** Opening Information supplied block **

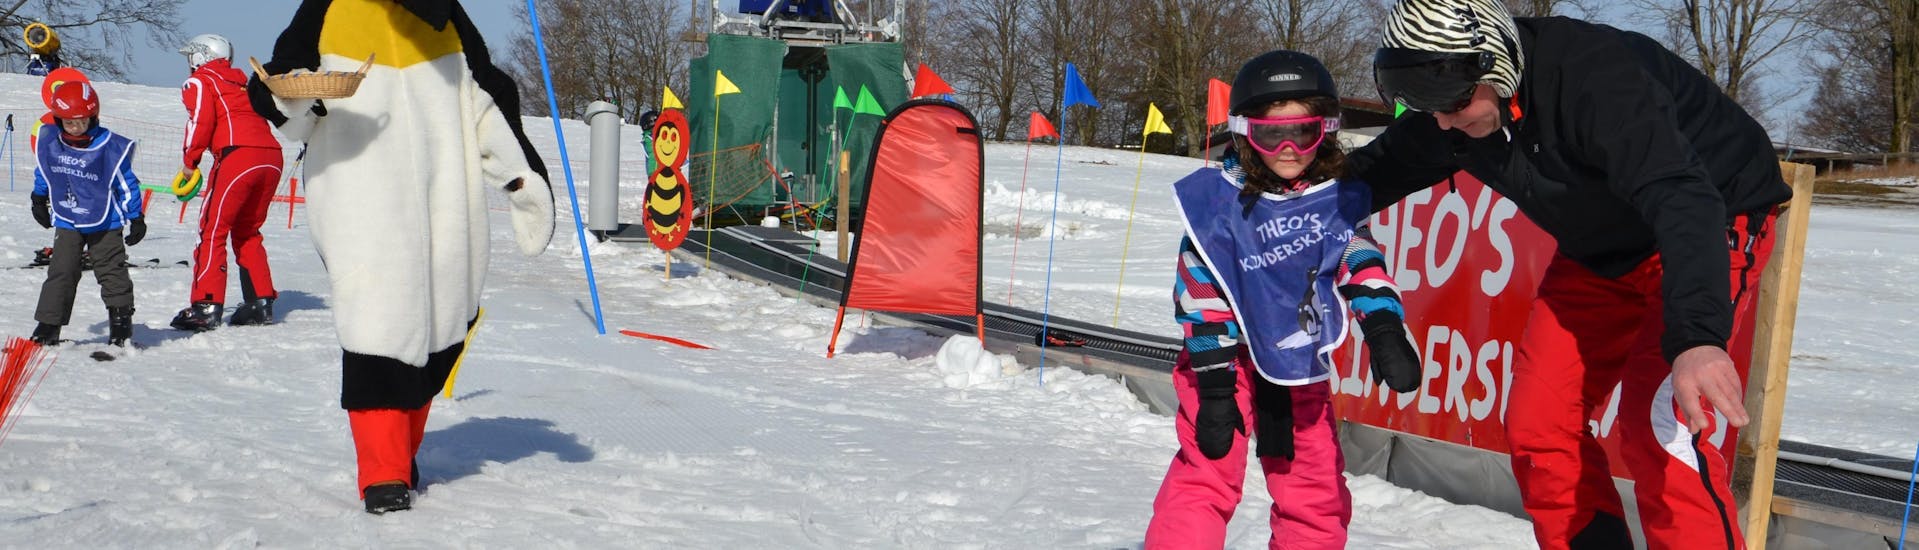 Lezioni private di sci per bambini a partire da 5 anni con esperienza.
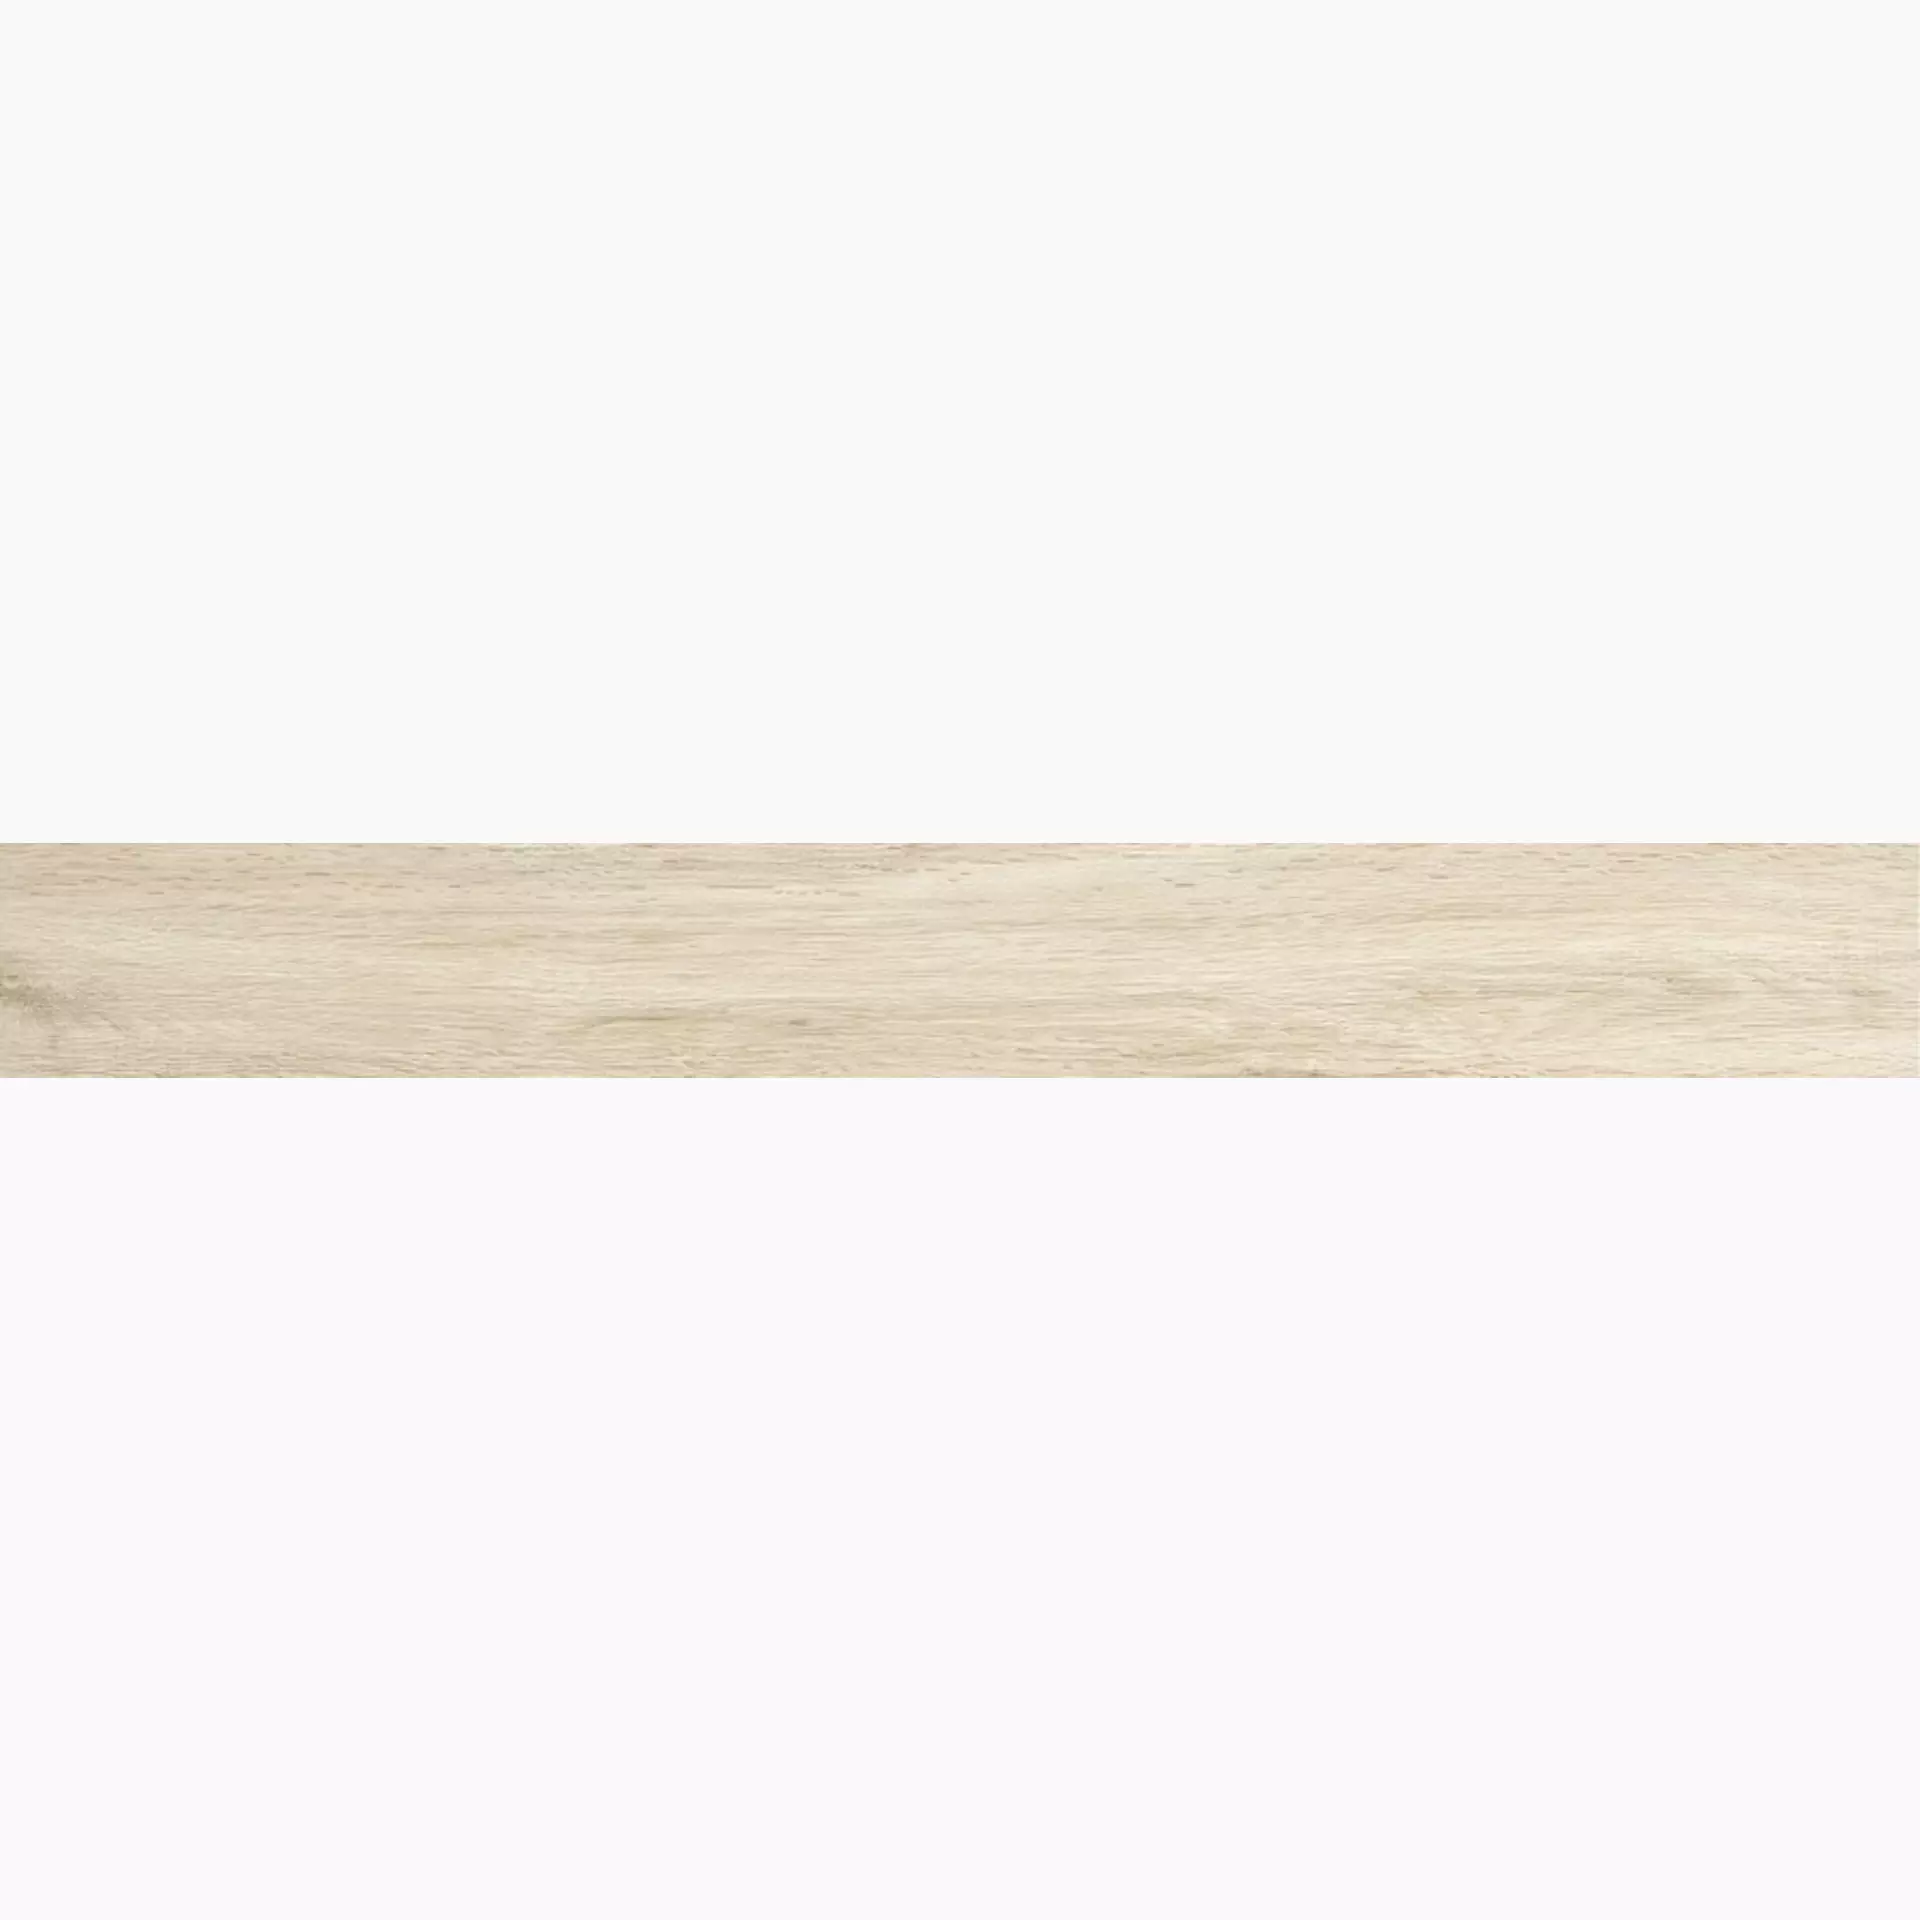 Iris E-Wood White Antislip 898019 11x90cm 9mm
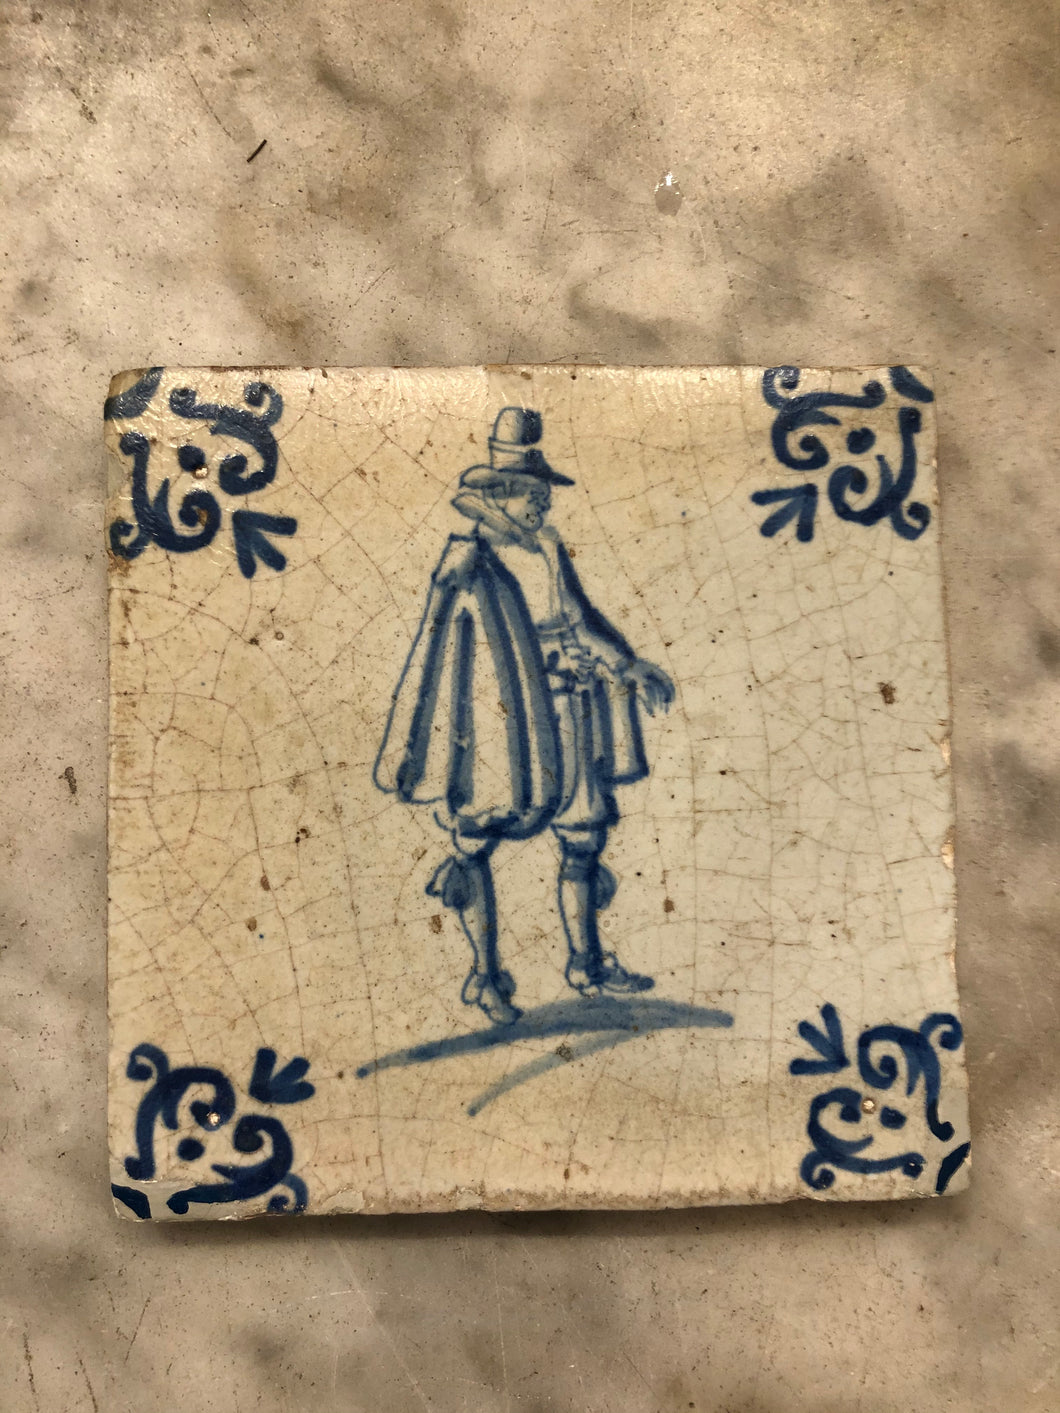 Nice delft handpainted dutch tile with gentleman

** Closing Information supplied block **

Copy the listing exactly, omitting pictures.

▶ **Answer area**:
 Lezioni private di sci per bambini a partire da 5 anni con esperienza.
 Iris E-Wood White Antislip 898019 11x90cm 9mm
 Nice delft handpainted dutch tile with gentleman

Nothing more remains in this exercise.